As part of our efforts to better understand the complexity associated with time-dependent probabilistic inference, we are studying Bayesian filtering, which can be considered a generalization of Kalman filtering. The latter requires that the relationship between the measurement and the target state be linear, and that the measurement error be Gaussian, while the former relaxes both assumptions. The most general formulation of Bayesian filtering requires the definition of a likelihood function that represents the probability of sensor observation Y at time K, which in general depends on all the previous states. The complexity of this formulation has been recognized to be prohibitive. Therefore, a Markov condition is customarily assumed, which simplifies the problem and permits the evaluation of the posterior probability using efficient recursive methods. Bayesian filtering assumes that observations of continuous variables are made at finite, discrete intervals, but that the state space might be continuous. We can achieve further efficiency if we assume that both the observations and the state spaces are finite and discrete.

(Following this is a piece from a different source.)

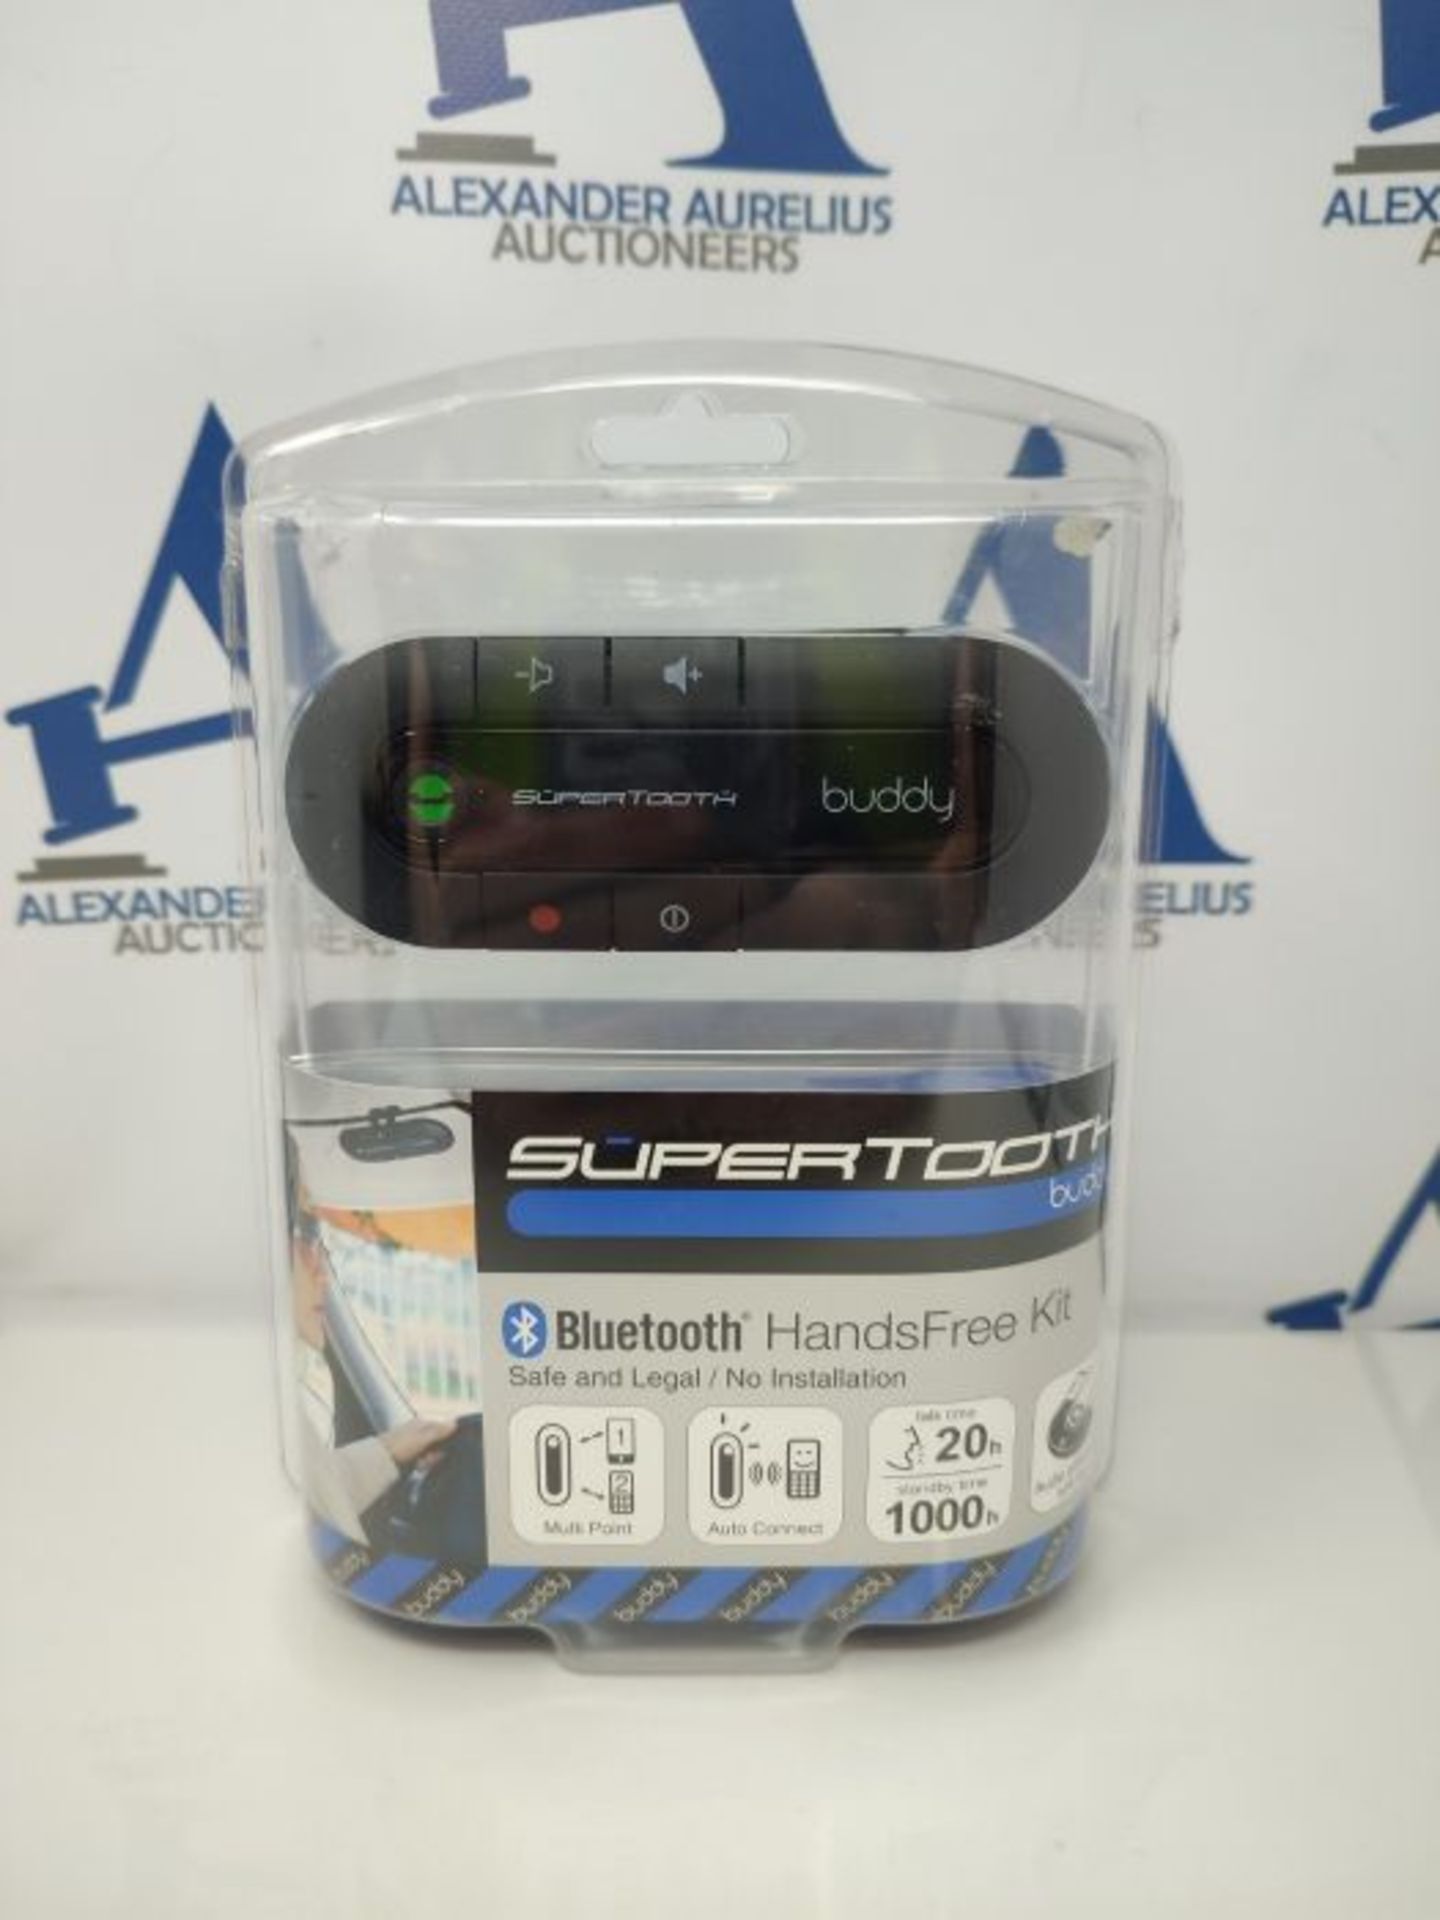 SuperTooth Kit-voiture mains libres Bluetooth pour pare-soleil Buddy - Noir - Image 2 of 3

The model resulting from these assumptions is commonly known as the Hidden Markov Model (HMM), which we believe fits very well the challenge problem under study. Therefore, instead of requiring iterative numerical algorithms to evaluate the posterior probability of a target's trajectory, we could use dynamic programming algorithms, which require a quadratic number of operations.

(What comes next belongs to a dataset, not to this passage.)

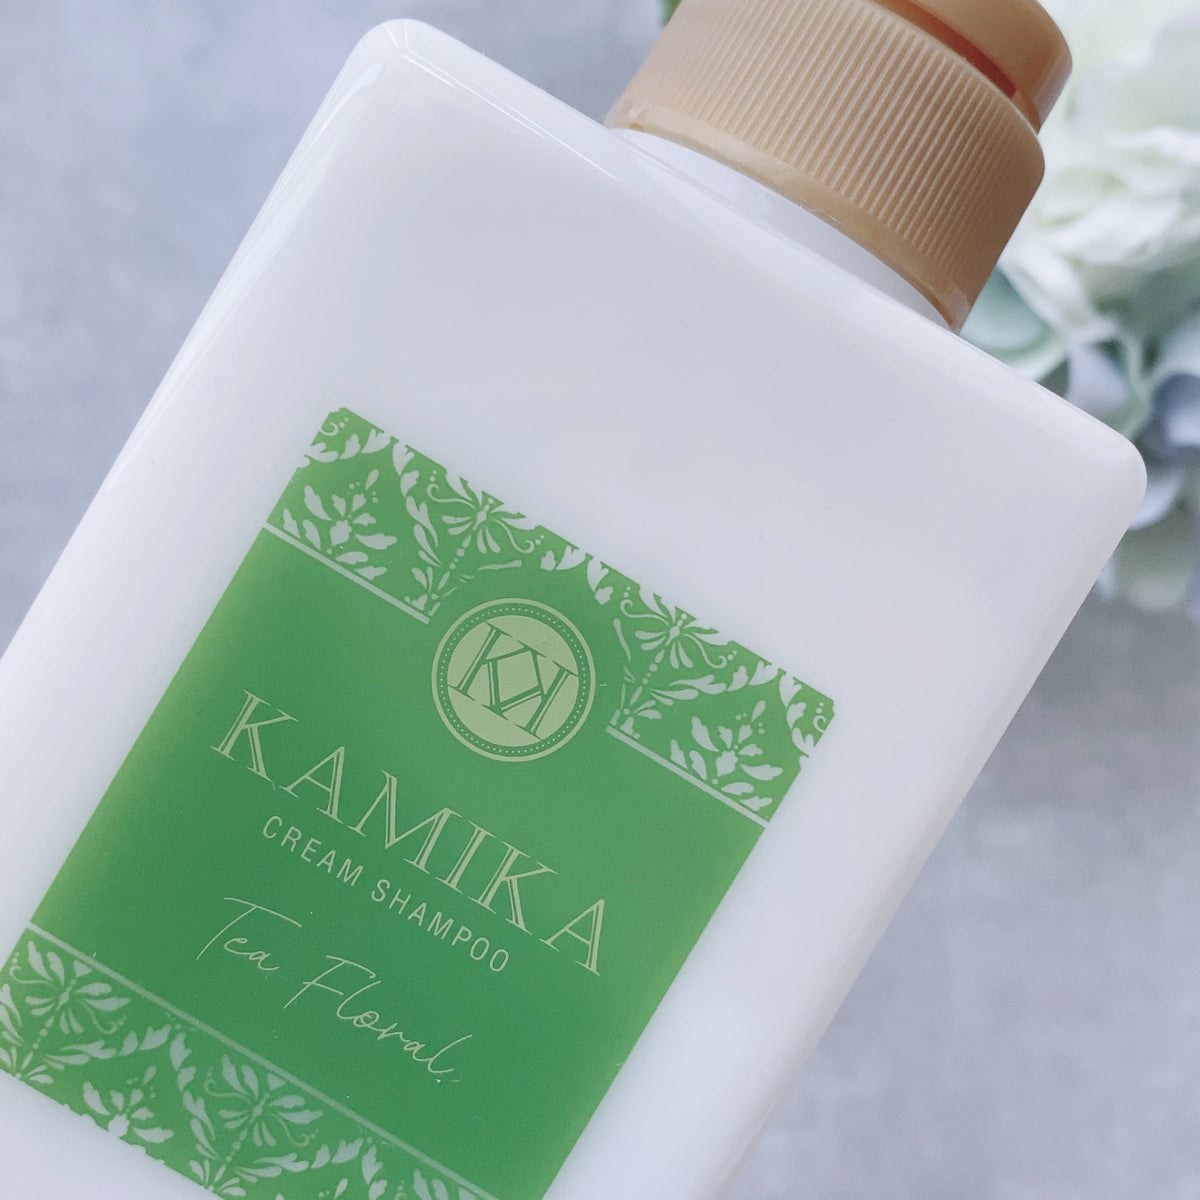 KAMIKA クリームシャンプー 3本セット  ティーフローラルの香り

Once the Bayesian network has produced a clear, though still probabilistic picture of the states of the entities, we give this information to the agents. The simulated agents embody their real-world entities and serve as a focus for the computations and negotiation. The agents then engage in a negotiation protocol in order to solve the problem of which agent(s) gets assigned to which target. Once the protocol stabilizes and the resource allocation problem is solved, the agents are ready to take action. These actions are taken in the real world and their results are fed back as input to the Bayesian network, starting again the same loop.
For example, In the sensor allocation problem each node is represented by an agent. These "sensor agents" are responsible for the creation of "target agents" which are, in turn, responsible for tracking the target using the Bayes network techniques described above. The target agents also engage in a bidding protocol with the sensor agents in order to obtain data from them. The application of this protocol results in sensors only scanning areas where the likelihood of finding or tracking a known target is high. This conserves resources while maximizing the accuracy of our predictions.
Specifically, we have run simulations which show that in the sensor allocation domain our bidding protocol will always find the optimal allocation, given enough time and communications bandwidth. We have also characterized how much time and communications bandwidth we will in different scenarios.
We are also pursuing further developments of Bayesian network and intelligent agent methodologies to support dynamic goal reassessment, anytime evaluation of reliability and value of information, agent-encapsulated Bayesian models, local and metalevel agent modeling, hierarchy of collaborating intelligent agents, and intelligent routing to reconfigure interagent information flow.